Navio barato e carga de pouco valor
Se alguém me dissesse que tinha uma equipa de "rambos" capaz de assaltar um navio e me pedisse conselho, certamente não lhes proporia um assalto a um cargueiro de madeira no Mar Báltico, o sítio mais difícil, depois do Canal da Mancha. Podia ser no Atlântico, um transportador de contentores, de automóveis... uma coisa que tivesse o valor de, pelo menos, algumas dezenas de milhões de dólares", comentou Mikhail Voitenko.
O carregamento do Arctic Sea estava avaliado em cerca de um milhão de euros. Entre as três versões que o especialista em transportes marítimos analisa, a hipótese do simples assalto parece-lhe absolutamente ilógica. "Para quê escolher um dos barcos mais baratos com um carregamento de pouco valor, num sítio onde até os telemóveis funcionam?" questiona Voitenko.

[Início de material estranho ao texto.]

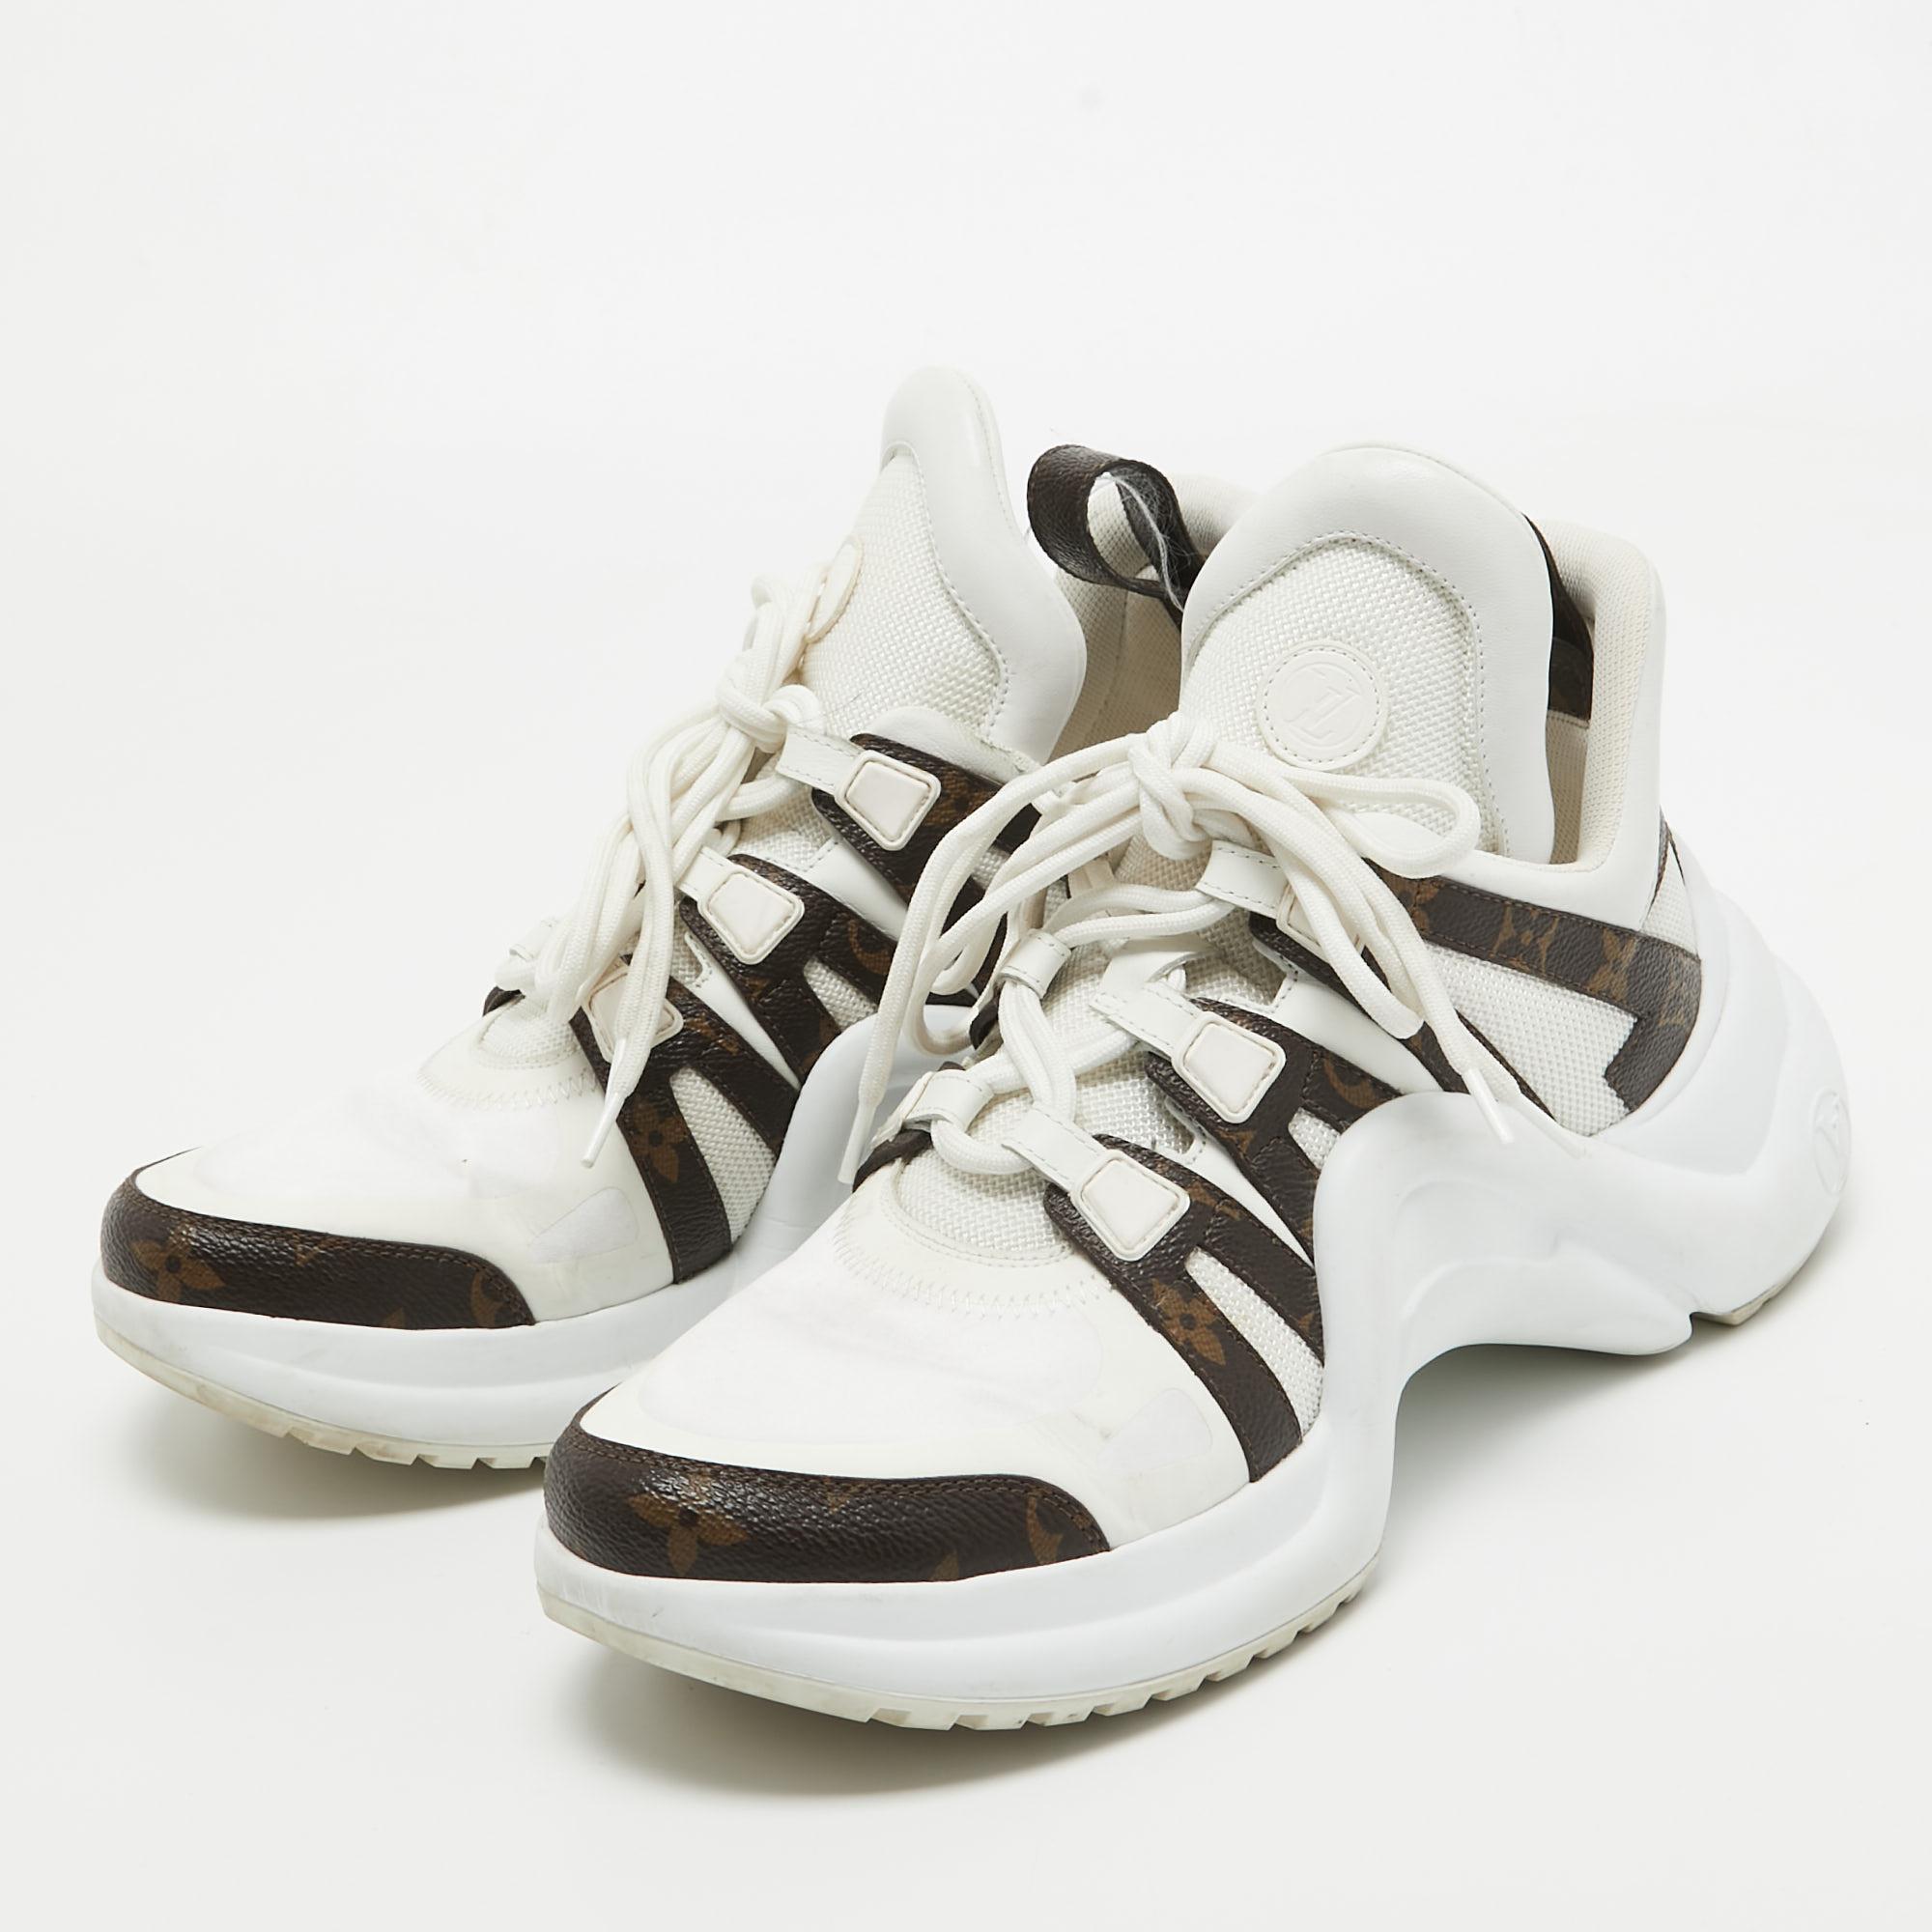 Louis Vuitton White/Brown Nylon and Monogram Canvas Archlight Sneakers Size 41 1
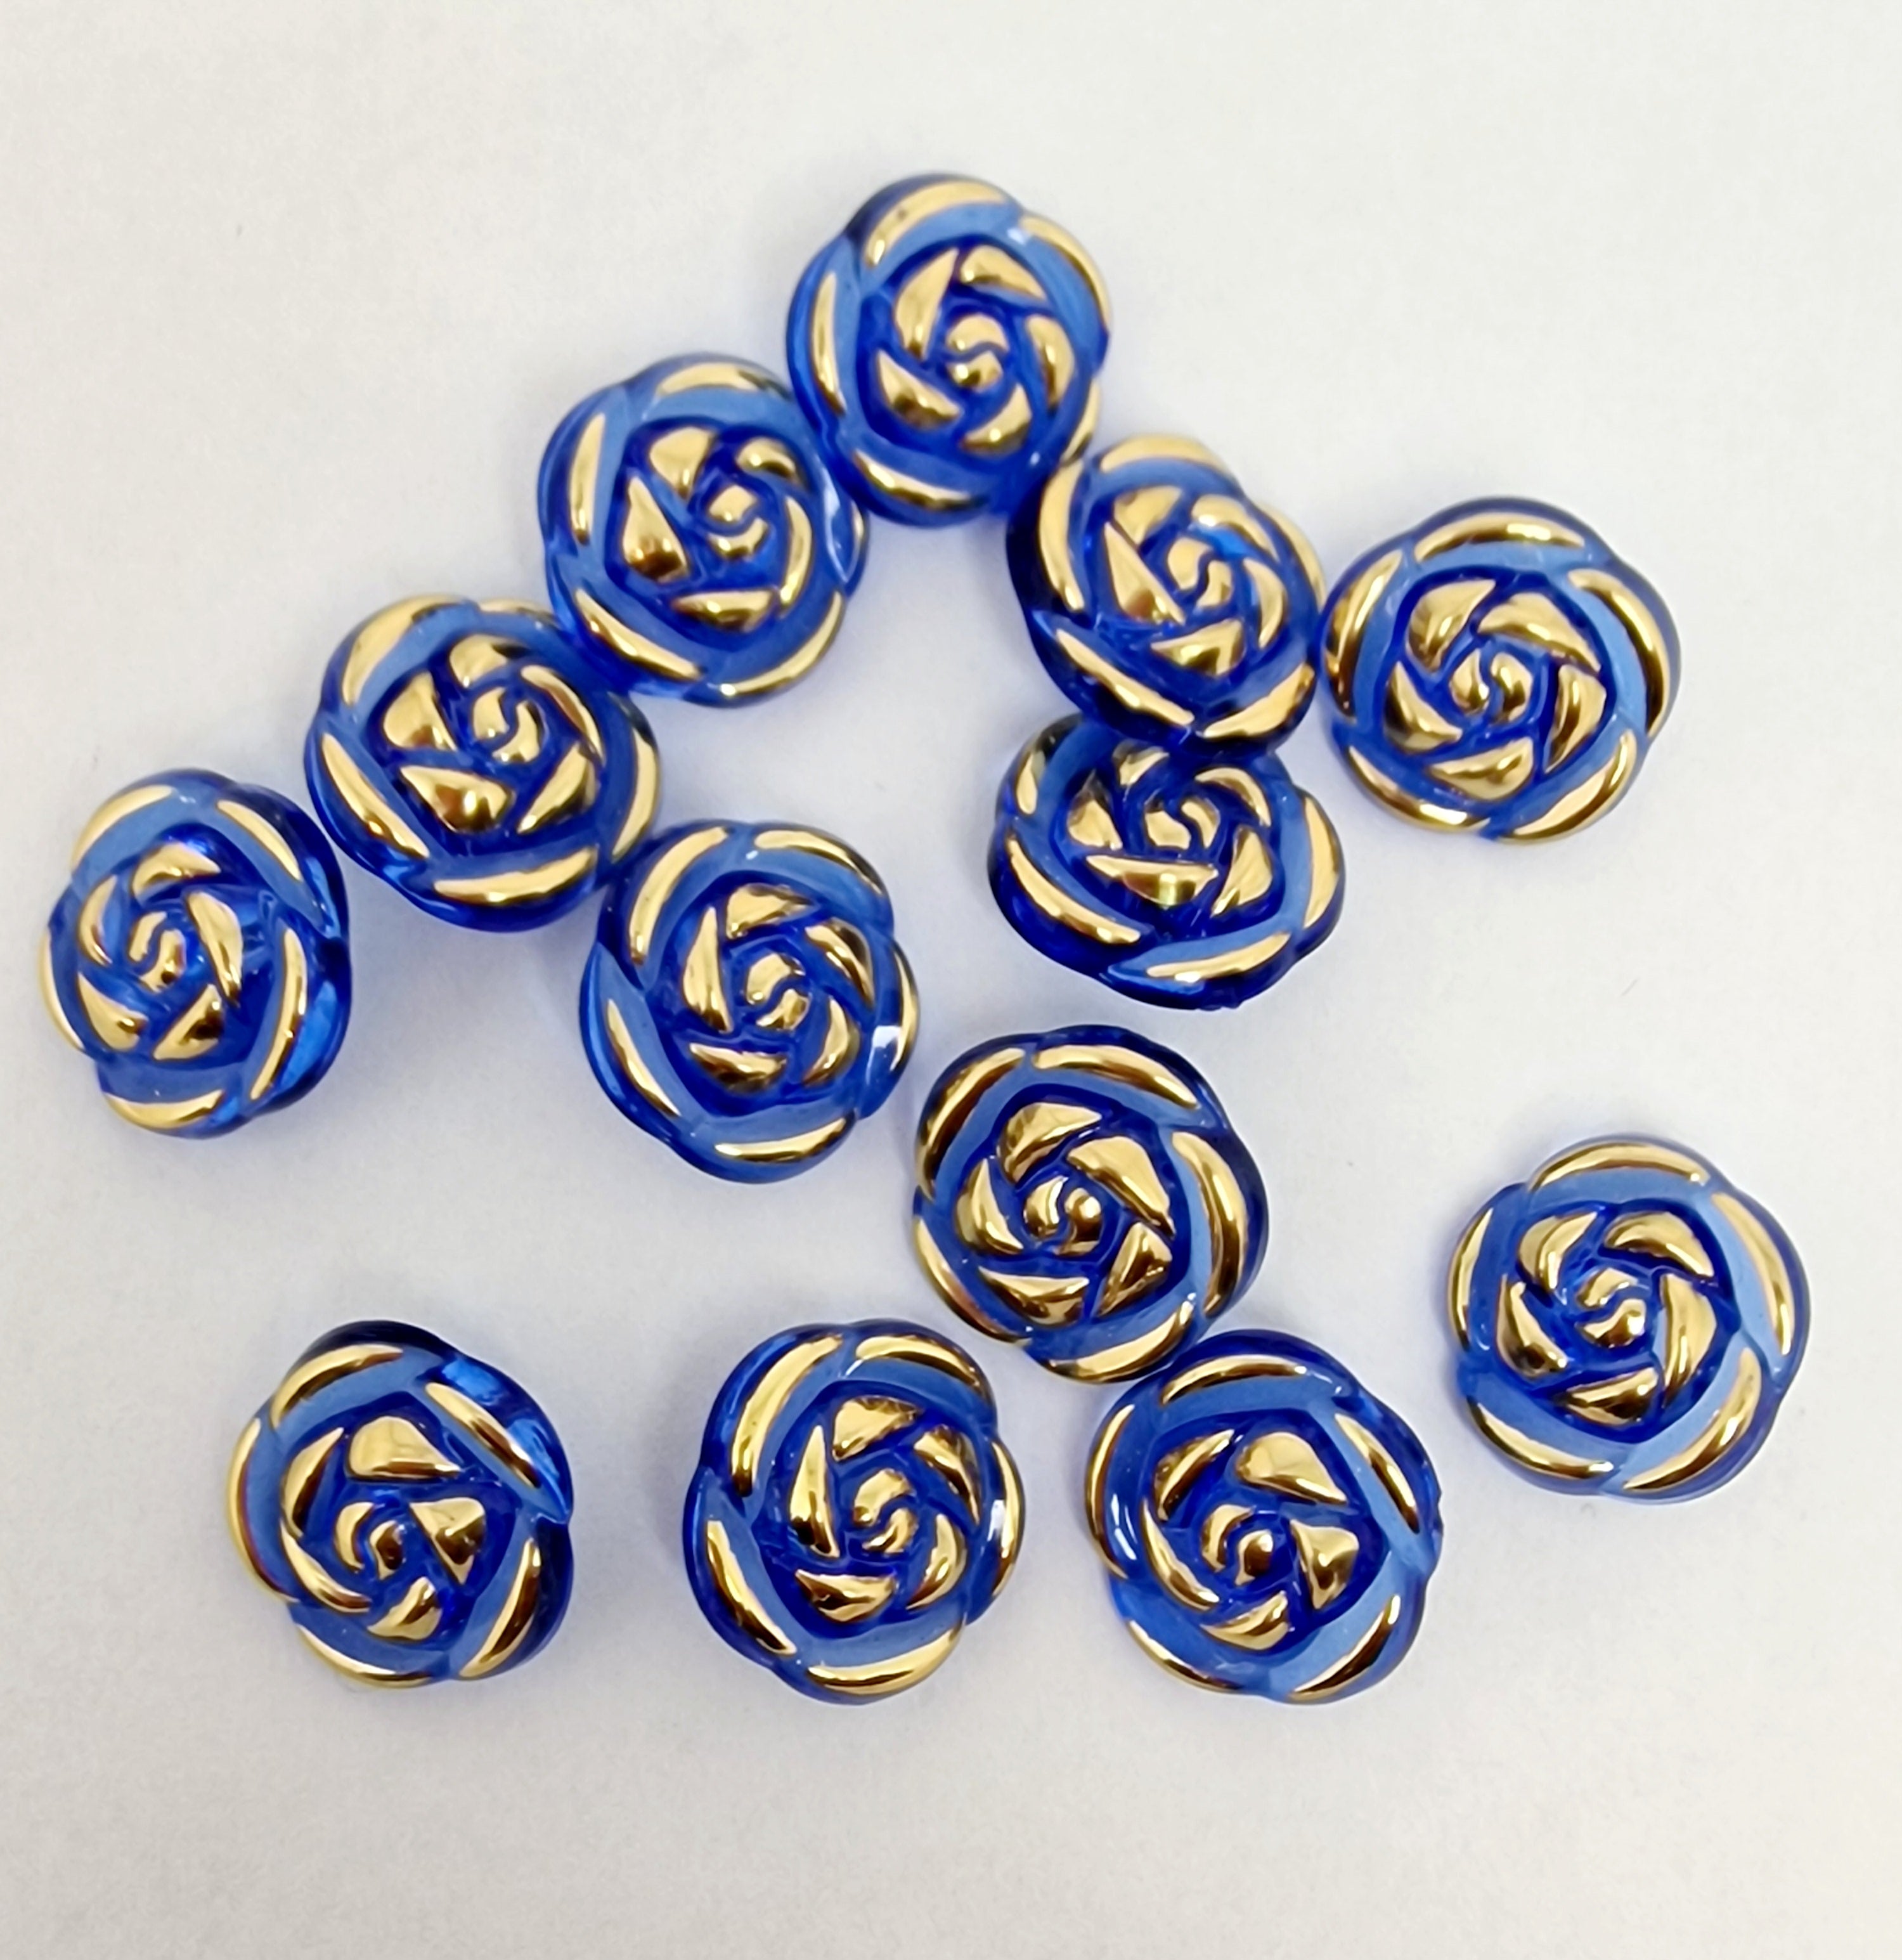 MajorCrafts 40pcs 13mm Royal Blue & Gold Rose Flower Shank Resin Buttons

Outra possibilidade é que poderia haver questões envolvendo directamente a actividade da companhia "Solchart", como chantagem ou um ajuste de contas comercial; mas, na sua opinião, "o mais certo é que, em vez do dinheiro que me deviam, acabo por receber uma sentença pesada". Voitenko é do parecer que se tratou de uma "operação especial", que tinha por detrás os serviços secretos de algum país, mas mostra-se relutante em admitir que poderia ser da Rússia. Considera que o assalto foi muito bem pensado porque "havia um único sítio e um único momento, em que era possível levá-lo a cabo".
O que se poderia pretender com essa "operação especial", é mais difícil de especificar. Voitenko inclina-se para uma hipótese também levantada pela jornalista Iulia Latinina. Pode ser uma forma de dizer "alto" a um esquema que era executado regularmente. "Não se tratava de um transporte isolado... mas, provavelmente, de uma rota regularmente utilizada, percorrida há muito tempo e com confiança, e agora fecharam-na", afirma Latinina, segundo a qual é preciso não esquecer que o navio esteve em reparação, durante duas semanas, no enclave russo de Kaliningrado, antes de ir carregar à Finlândia.
Quanto ao que se poderia transportar nessa "rota regular", Iulia Latinina adianta "qualquer coisa de nuclear para potências pacíficas, como a Síria ou o Irão". Provas não há, por isso, a este ponto pode-se dar largas à imaginação ou, então, alimentar esperanças de que, no futuro, as autoridades russas possam tornar públicos os resultados autênticos das investigações que dizem estar em curso.